A Mesos task is always a process that consumes some resources. In the example below, the server task is a command that prints “hello” to a file while consuming 1.0 CPUs, 256 MB of memory, and 50 MB of disk space for its volume.

name: "hello-world"
pods:
  hello:
    count: 1
    tasks:
      server:
        goal: RUNNING
        cmd: "echo hello >> hello-container-path/output && sleep 1000"
        cpus: 1.0
        memory: 256
        volume:
          path: "hello-container-path"
          type: ROOT
          size: 50

An equivalent way to define the same task is as follows:

name: "hello-world"
pods:
  hello:
    count: 1
    resource-sets:
      hello-resources:
        cpus: 1.0
        memory: 256
        volume:
          path: "hello-container-path"
          type: ROOT
          size: 50
    tasks:
      server:
        goal: RUNNING
        cmd: "echo hello >> hello-container-path/output && sleep 1000"
        resource-set: hello-resources/

In this case, the resources are declared separately from the server task in a resource set named hello-resources. They are referenced by a resource-set element in the task definition. A task continues to be defined as the combination of a process to run and resources to consume. This alternate formulation provides you with increased flexibility: you can now define multiple processes that can consume the same resources.

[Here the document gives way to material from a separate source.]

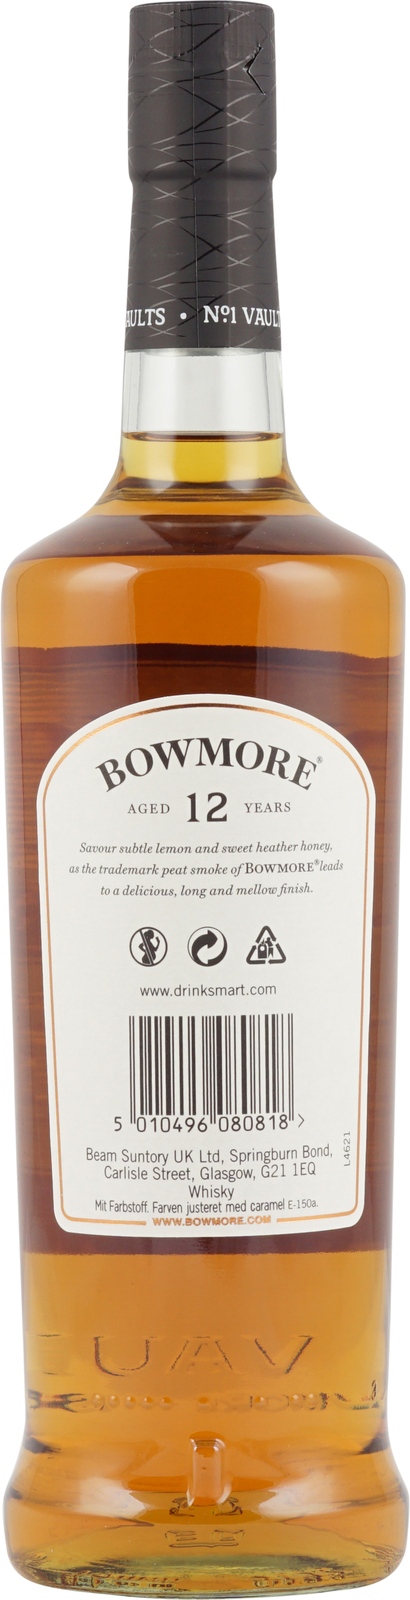 Bowmore Islay Single Malt Whisky (12 Jahre) 0,7 Liter i

Pods can also define volumes at the pod level, allowing volumes to be shared between every task in a pod. Although volumes defined on individual tasks are currently visible between tasks in a pod, this will change with the introduction of pods based on Mesos Task Groups. Once this change is made, pods will need to define volumes at the pod level if they are intended to be shared across tasks, as in the following example:

name: "hello-world"
pods:
  hello:
    count: 1
    volume:
      path: "shared-container-path"
      type: ROOT
      size: 50
    tasks:
      server:
        goal: RUNNING
        cmd: "echo hello >> shared-container-path/output && sleep 1000"
        cpus: 1.0
        memory: 256

Important: At any given point in time, only a single process may be consuming a given set of resources. Resources may never be shared simultaneously by multiple tasks. Any attempt to launch a task consuming an already consumed resource-set will result in the killing of the task which is currently running and the launch of the new task.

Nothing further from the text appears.